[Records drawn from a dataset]
___

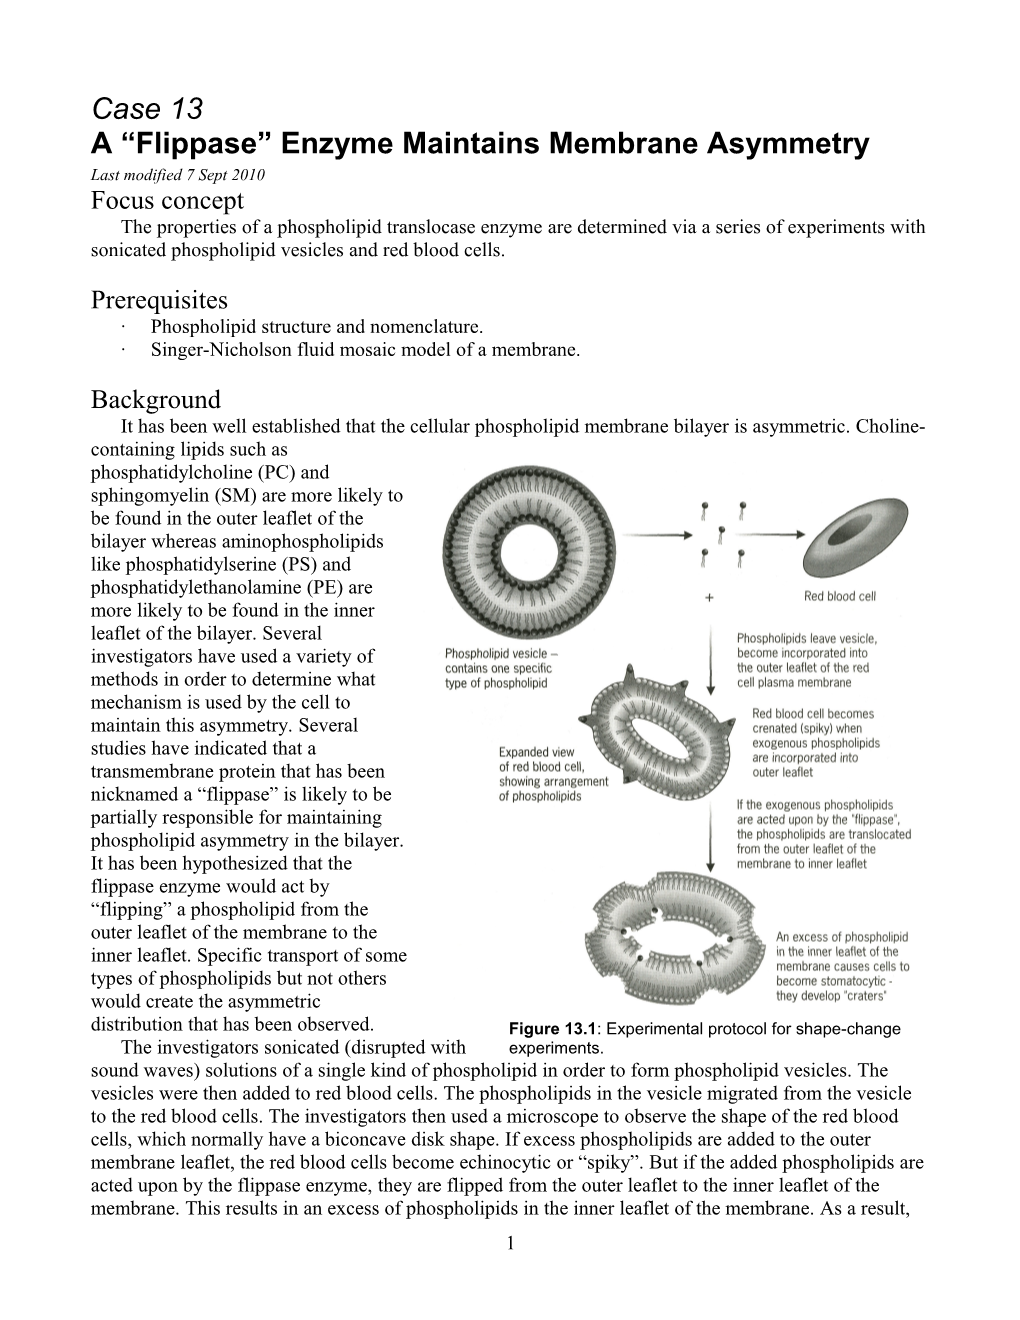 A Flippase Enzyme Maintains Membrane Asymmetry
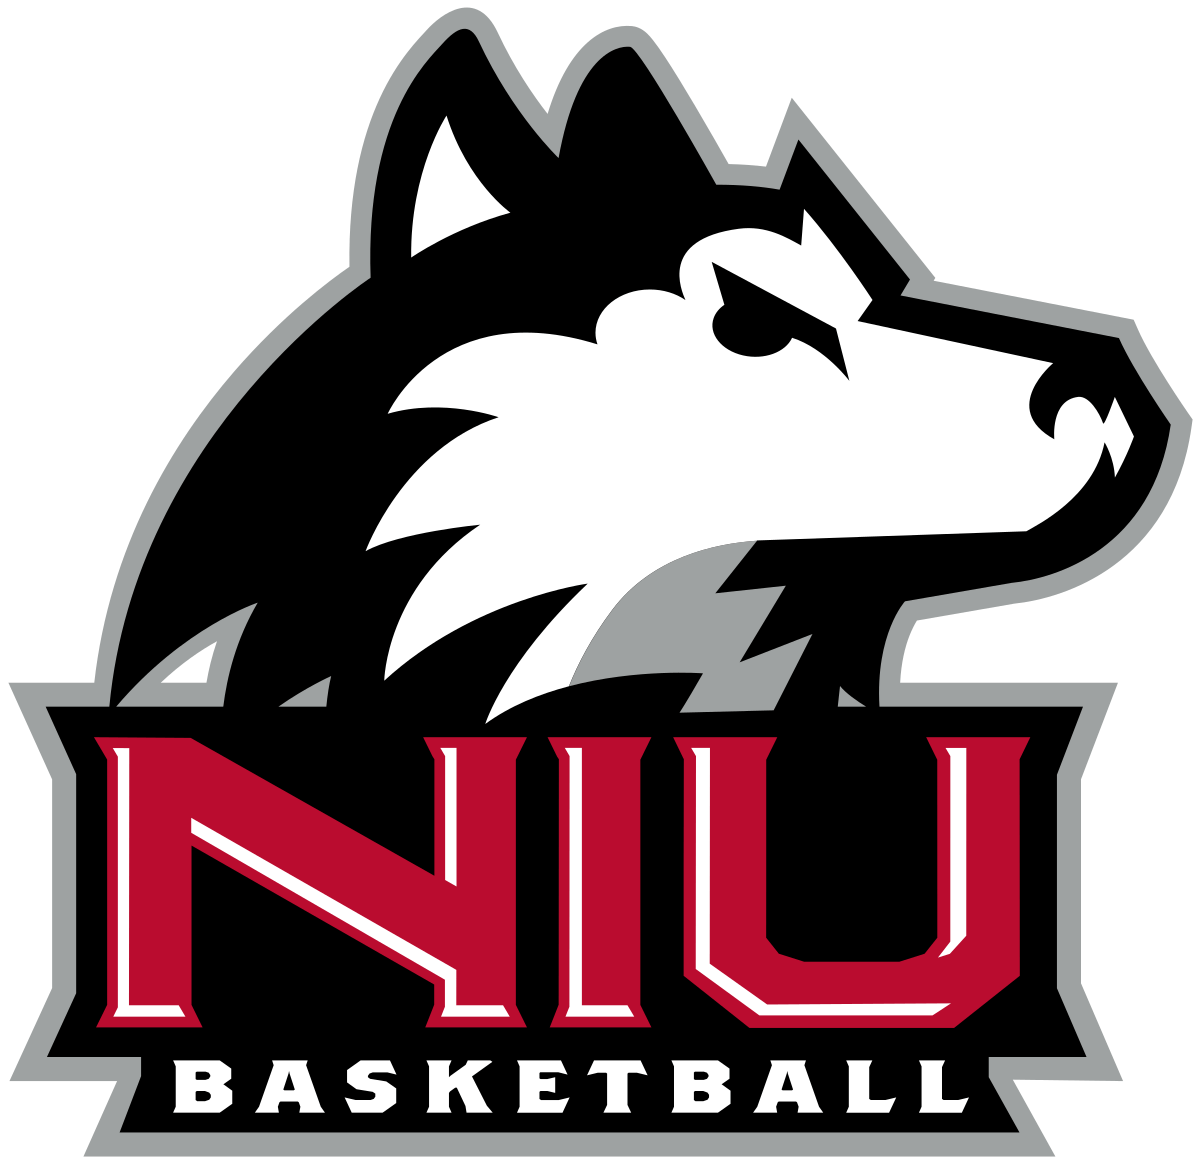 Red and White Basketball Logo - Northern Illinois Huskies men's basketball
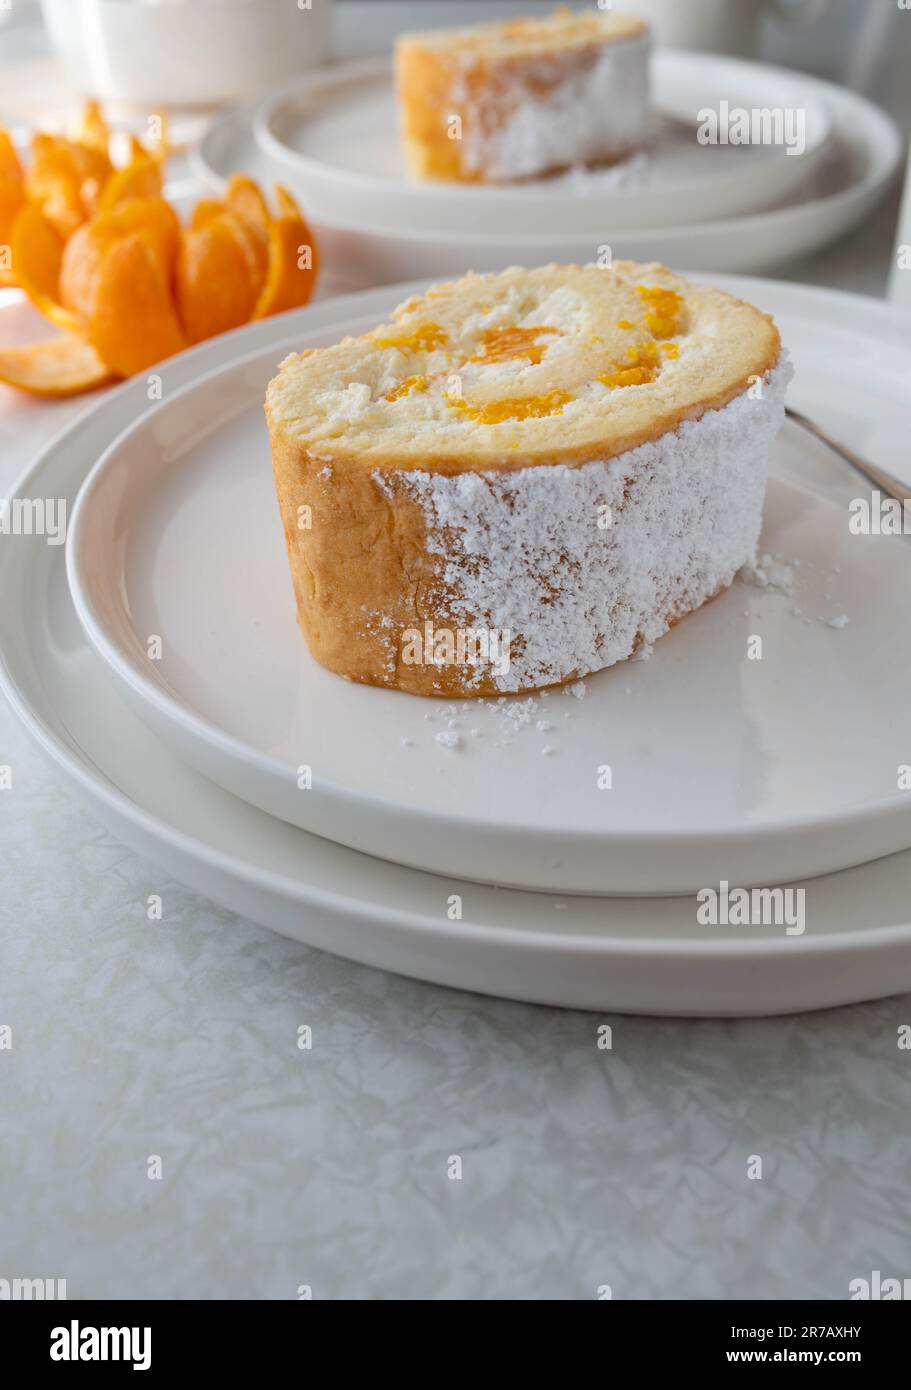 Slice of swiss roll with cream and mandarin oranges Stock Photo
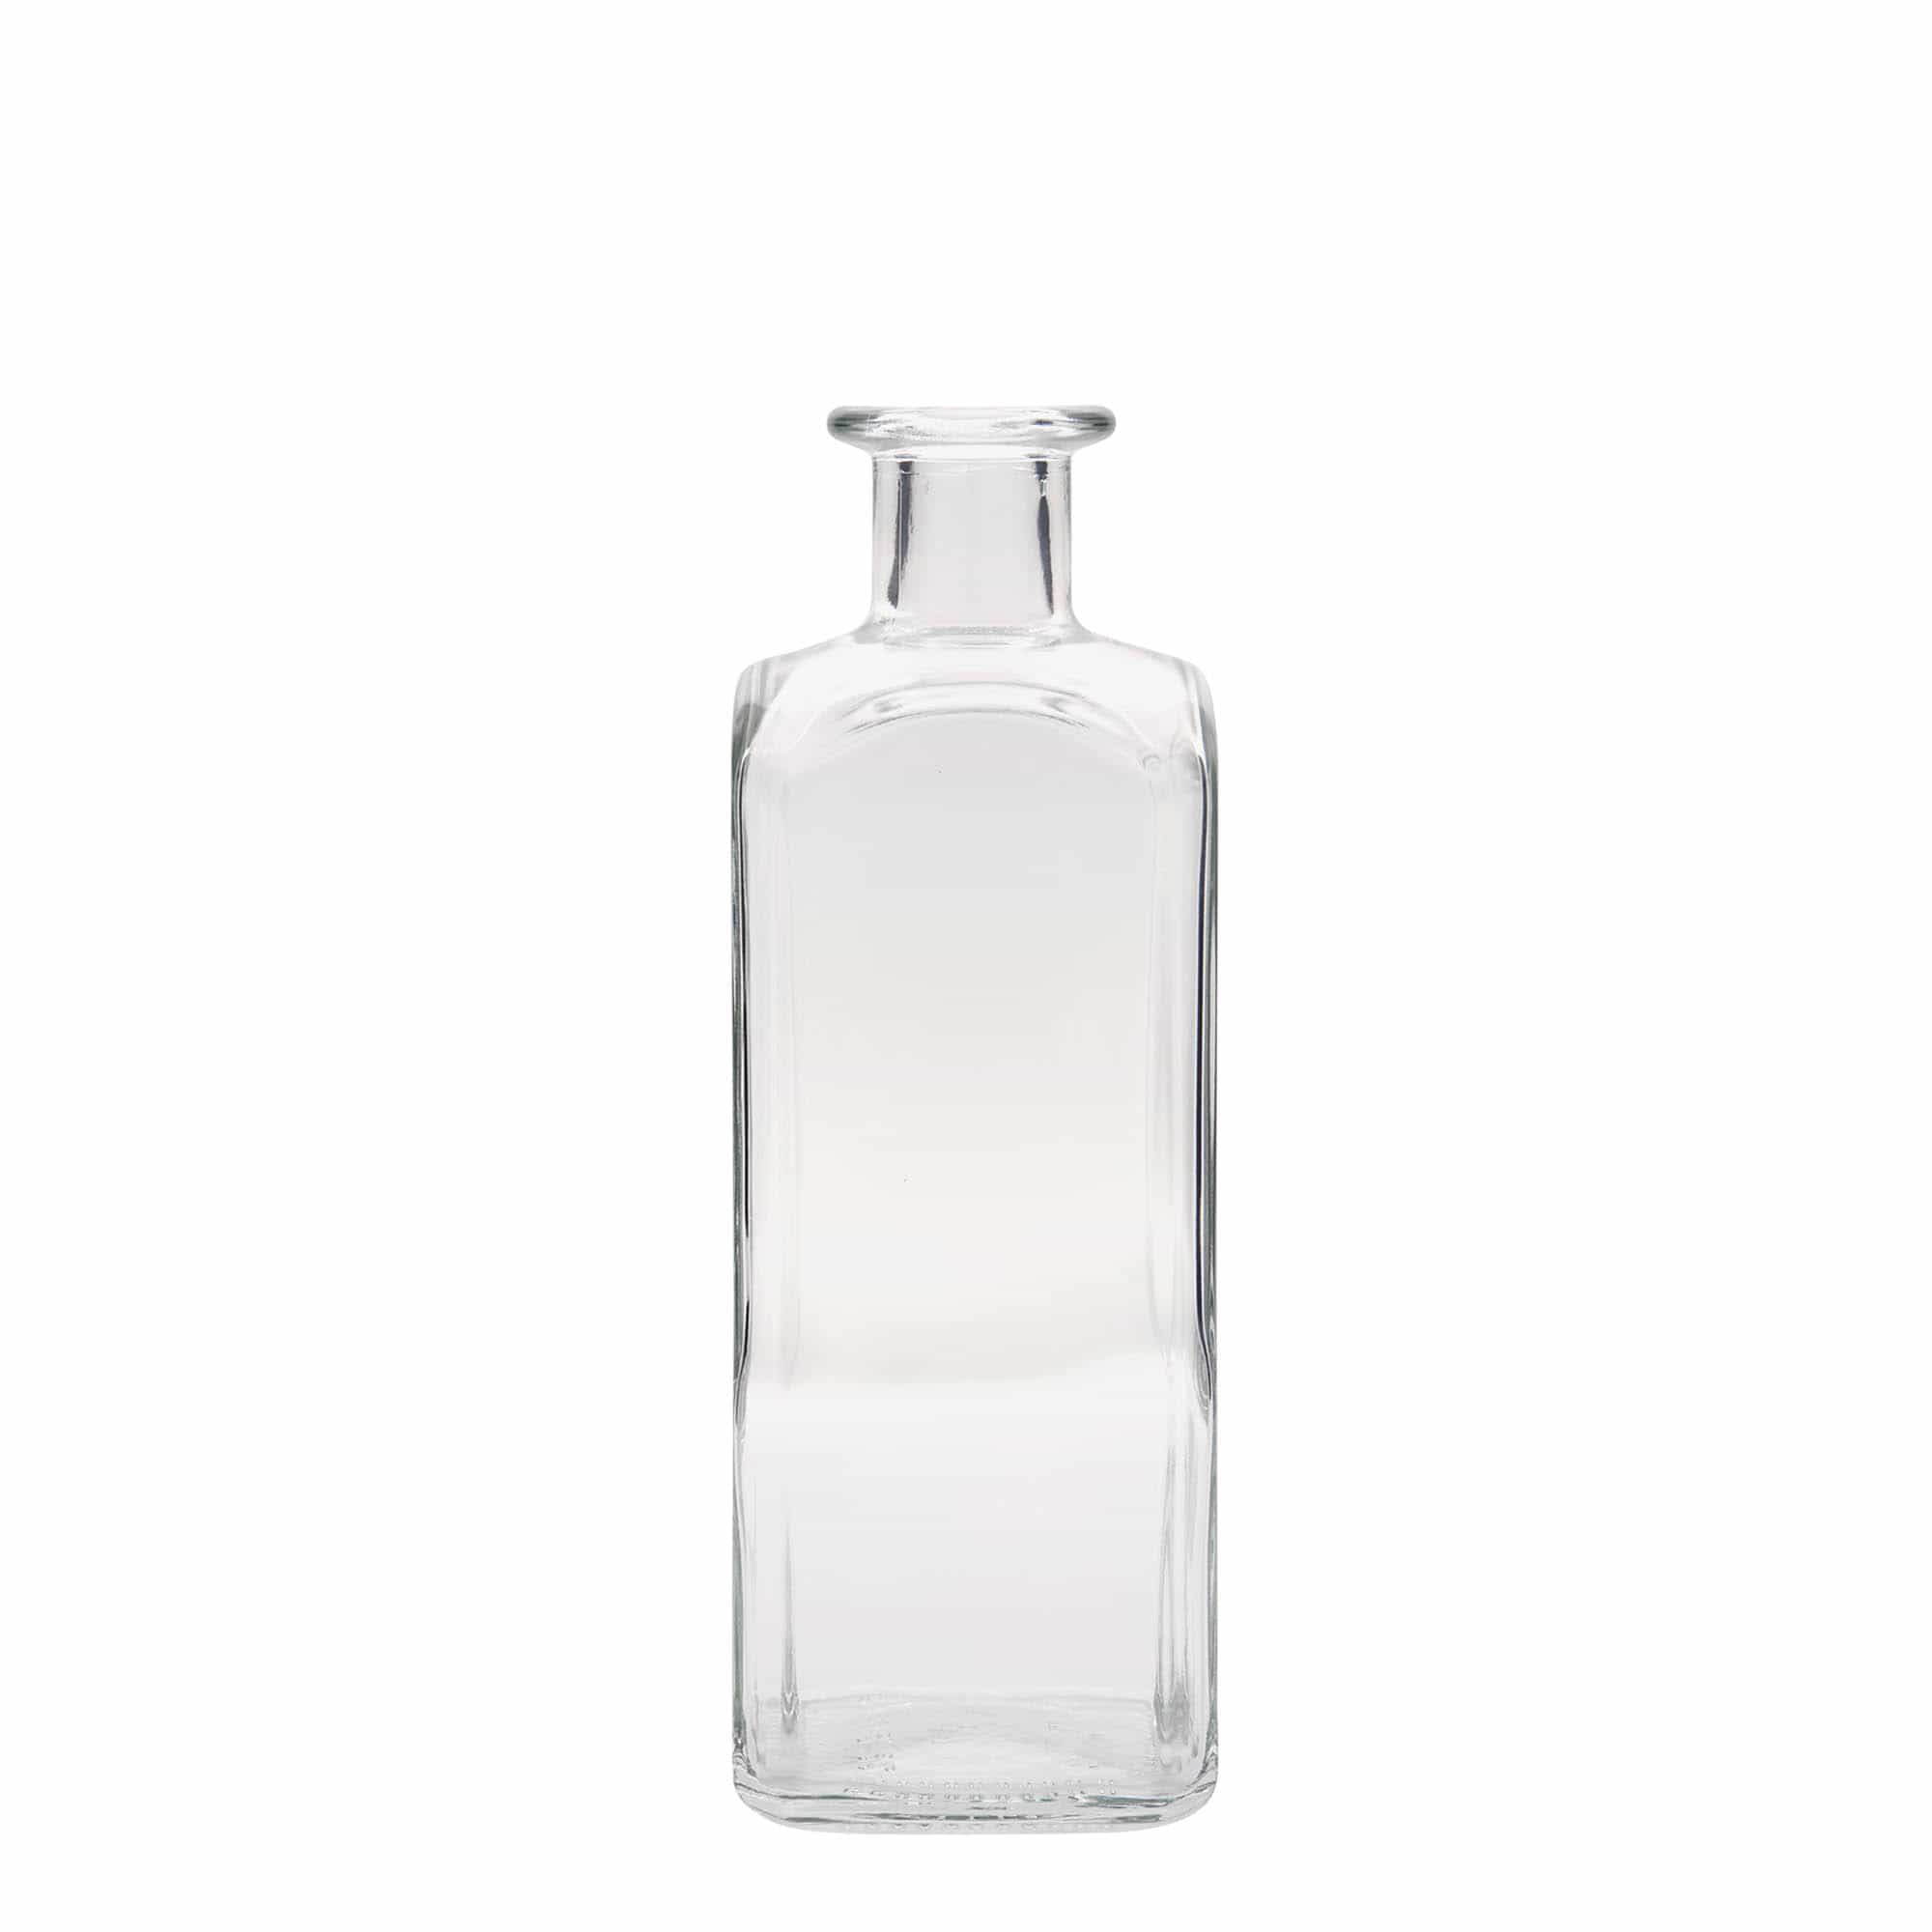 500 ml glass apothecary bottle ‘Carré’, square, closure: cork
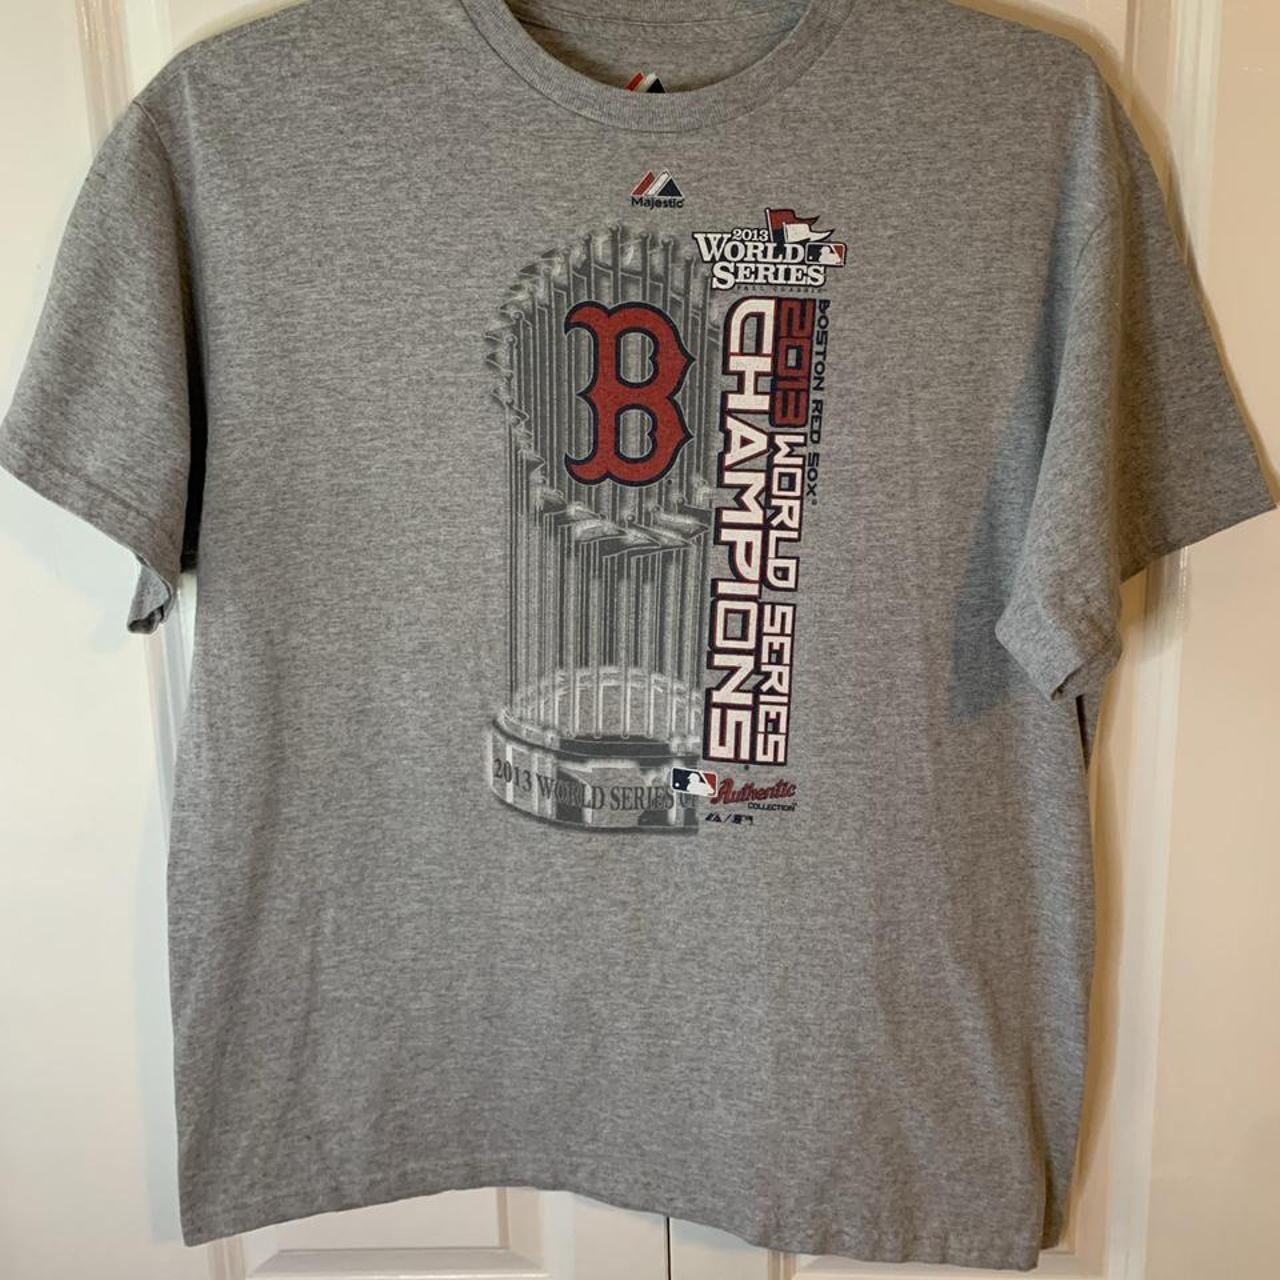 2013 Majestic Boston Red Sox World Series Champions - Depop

___

Copy all the records word for word and keep the pictures out.

 A Flippase Enzyme Maintains Membrane Asymmetry
 Red and White Basketball Logo - Northern Illinois Huskies men's basketball
 Slice of swiss roll with cream and mandarin oranges Stock Photo
 500 ml glass apothecary bottle ‘Carré’, square, closure: cork
 2013 Majestic Boston Red Sox World Series Champions - Depop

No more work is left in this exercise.